● **TASK BRIEF**: In the listing below, find the line that contains "https://pixabay.com/photos/mouse-rodent-rat-mice-pest-3194768" and the line that contains "Onmiddellijk na afloop". Quote both and every line between them, exactly, and nothing more.

● **ENTRIES SHOWN**:
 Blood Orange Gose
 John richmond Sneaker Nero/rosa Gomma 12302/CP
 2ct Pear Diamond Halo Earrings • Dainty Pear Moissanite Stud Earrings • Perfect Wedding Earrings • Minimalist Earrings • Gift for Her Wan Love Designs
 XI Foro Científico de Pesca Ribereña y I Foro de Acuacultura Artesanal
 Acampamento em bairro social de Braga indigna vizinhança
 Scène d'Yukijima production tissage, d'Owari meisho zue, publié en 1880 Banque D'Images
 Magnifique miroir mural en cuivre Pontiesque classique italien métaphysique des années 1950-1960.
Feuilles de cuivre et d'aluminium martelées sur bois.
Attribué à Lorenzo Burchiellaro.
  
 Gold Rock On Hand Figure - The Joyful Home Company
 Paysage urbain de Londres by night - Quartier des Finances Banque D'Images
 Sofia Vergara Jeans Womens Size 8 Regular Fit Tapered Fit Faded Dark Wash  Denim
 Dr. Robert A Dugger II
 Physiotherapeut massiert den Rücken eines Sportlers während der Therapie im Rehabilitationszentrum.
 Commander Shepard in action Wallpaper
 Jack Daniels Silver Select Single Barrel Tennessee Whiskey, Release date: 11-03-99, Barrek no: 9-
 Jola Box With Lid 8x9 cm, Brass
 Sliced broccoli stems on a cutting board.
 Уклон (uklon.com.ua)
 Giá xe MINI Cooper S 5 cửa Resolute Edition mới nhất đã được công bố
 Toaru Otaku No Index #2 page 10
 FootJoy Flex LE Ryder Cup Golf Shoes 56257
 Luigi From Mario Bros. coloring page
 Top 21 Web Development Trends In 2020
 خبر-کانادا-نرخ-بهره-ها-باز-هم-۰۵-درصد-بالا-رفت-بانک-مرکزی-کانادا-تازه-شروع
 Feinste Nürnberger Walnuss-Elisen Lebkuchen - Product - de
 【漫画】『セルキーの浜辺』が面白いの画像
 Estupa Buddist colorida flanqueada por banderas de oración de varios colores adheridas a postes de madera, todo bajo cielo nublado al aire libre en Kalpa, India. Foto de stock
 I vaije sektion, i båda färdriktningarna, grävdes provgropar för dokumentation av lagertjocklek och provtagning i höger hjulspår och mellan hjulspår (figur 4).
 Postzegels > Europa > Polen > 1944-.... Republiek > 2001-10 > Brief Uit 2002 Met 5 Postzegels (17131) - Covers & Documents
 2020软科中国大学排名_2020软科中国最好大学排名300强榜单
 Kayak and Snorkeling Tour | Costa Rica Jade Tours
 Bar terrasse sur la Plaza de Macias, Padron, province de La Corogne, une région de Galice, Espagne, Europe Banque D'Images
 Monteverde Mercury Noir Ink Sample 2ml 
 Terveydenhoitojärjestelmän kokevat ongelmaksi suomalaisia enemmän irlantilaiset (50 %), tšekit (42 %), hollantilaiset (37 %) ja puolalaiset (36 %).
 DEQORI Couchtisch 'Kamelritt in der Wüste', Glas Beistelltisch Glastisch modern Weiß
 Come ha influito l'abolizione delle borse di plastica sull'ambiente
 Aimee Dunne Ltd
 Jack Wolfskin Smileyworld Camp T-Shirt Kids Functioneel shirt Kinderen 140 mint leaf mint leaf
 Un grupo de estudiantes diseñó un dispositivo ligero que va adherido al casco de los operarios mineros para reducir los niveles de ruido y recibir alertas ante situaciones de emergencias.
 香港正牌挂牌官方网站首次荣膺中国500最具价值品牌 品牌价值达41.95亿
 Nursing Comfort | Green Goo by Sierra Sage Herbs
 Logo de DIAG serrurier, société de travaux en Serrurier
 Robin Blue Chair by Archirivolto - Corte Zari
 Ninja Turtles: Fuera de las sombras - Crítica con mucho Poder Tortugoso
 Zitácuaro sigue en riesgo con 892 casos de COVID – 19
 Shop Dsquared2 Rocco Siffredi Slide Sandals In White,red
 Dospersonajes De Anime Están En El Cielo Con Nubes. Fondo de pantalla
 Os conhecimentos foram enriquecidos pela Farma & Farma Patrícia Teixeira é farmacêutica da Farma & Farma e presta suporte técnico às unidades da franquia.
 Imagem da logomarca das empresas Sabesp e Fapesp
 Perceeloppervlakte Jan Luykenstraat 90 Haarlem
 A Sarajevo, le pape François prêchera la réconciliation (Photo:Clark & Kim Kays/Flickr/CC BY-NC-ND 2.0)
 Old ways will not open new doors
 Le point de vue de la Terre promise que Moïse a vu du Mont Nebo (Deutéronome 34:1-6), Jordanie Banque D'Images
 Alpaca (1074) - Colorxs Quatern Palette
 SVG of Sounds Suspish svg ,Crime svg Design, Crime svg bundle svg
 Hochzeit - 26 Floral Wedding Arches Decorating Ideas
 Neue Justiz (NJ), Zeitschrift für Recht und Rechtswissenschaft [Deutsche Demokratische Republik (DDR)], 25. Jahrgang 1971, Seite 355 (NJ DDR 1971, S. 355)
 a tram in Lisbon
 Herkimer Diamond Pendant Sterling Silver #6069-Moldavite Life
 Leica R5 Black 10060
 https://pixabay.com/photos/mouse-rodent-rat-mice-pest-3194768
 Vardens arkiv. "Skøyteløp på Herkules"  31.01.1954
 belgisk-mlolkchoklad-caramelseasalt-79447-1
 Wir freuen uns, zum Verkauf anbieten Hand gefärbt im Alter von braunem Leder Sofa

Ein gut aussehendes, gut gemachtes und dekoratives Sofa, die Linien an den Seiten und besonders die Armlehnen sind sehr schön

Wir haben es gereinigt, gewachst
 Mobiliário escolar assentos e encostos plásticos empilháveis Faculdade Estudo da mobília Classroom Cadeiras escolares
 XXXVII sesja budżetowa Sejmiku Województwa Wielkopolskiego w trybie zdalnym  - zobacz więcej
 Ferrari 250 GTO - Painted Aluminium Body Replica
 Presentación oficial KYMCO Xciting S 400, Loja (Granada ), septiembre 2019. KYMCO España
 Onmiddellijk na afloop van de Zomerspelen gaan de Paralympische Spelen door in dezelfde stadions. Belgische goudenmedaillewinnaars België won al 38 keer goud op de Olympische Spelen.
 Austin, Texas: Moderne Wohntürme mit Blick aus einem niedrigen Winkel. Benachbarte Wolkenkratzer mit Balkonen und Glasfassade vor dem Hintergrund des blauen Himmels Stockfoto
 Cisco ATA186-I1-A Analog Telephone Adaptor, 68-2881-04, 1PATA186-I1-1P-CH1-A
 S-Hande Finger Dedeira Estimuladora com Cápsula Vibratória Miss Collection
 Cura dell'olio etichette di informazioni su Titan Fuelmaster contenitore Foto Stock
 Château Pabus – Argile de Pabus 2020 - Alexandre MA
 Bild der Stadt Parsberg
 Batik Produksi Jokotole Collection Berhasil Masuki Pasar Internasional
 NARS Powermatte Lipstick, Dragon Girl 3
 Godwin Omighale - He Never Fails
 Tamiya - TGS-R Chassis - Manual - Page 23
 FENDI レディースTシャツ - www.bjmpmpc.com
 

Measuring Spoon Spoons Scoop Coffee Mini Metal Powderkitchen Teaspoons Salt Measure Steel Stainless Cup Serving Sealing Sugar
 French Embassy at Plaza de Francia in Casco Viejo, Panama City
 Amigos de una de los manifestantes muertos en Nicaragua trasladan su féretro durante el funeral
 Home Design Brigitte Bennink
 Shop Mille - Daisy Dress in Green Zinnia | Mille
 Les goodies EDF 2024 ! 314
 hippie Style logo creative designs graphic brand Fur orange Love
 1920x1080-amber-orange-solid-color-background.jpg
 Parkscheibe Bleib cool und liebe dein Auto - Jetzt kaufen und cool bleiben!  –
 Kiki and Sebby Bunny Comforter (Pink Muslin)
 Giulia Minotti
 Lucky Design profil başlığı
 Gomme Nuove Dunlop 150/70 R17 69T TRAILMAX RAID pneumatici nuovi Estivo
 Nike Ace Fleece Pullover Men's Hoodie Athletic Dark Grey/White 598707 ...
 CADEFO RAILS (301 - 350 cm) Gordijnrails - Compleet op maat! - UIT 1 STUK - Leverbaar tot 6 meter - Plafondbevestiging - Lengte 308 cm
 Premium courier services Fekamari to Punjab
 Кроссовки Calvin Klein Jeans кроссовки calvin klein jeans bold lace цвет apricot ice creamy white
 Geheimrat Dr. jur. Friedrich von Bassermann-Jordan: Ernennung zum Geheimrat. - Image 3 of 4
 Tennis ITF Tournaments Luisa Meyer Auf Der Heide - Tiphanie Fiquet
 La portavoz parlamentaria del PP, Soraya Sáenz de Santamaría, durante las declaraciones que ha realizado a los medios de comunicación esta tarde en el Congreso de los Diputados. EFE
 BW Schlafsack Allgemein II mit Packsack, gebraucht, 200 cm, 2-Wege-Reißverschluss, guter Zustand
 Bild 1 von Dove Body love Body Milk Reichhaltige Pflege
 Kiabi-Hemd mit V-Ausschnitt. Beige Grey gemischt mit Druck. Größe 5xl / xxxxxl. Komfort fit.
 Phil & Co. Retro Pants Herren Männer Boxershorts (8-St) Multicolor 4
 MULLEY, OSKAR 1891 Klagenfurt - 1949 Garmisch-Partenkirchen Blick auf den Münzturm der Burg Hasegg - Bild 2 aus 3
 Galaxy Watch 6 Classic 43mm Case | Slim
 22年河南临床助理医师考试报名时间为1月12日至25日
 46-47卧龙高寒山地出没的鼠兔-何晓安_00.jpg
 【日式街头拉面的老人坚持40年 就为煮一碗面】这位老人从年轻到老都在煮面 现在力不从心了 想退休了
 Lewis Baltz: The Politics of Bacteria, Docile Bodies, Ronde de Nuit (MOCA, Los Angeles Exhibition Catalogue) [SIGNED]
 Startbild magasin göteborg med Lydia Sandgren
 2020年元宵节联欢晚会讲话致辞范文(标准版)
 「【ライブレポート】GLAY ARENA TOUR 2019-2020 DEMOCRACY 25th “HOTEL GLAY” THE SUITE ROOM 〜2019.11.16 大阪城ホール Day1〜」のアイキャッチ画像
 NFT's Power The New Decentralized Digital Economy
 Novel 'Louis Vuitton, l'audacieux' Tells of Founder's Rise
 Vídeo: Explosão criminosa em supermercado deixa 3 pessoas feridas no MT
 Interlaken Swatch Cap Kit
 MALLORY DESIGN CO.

● **WRITTEN ANSWER**:
 https://pixabay.com/photos/mouse-rodent-rat-mice-pest-3194768
 Vardens arkiv. "Skøyteløp på Herkules"  31.01.1954
 belgisk-mlolkchoklad-caramelseasalt-79447-1
 Wir freuen uns, zum Verkauf anbieten Hand gefärbt im Alter von braunem Leder Sofa

Ein gut aussehendes, gut gemachtes und dekoratives Sofa, die Linien an den Seiten und besonders die Armlehnen sind sehr schön

Wir haben es gereinigt, gewachst
 Mobiliário escolar assentos e encostos plásticos empilháveis Faculdade Estudo da mobília Classroom Cadeiras escolares
 XXXVII sesja budżetowa Sejmiku Województwa Wielkopolskiego w trybie zdalnym  - zobacz więcej
 Ferrari 250 GTO - Painted Aluminium Body Replica
 Presentación oficial KYMCO Xciting S 400, Loja (Granada ), septiembre 2019. KYMCO España
 Onmiddellijk na afloop van de Zomerspelen gaan de Paralympische Spelen door in dezelfde stadions. Belgische goudenmedaillewinnaars België won al 38 keer goud op de Olympische Spelen.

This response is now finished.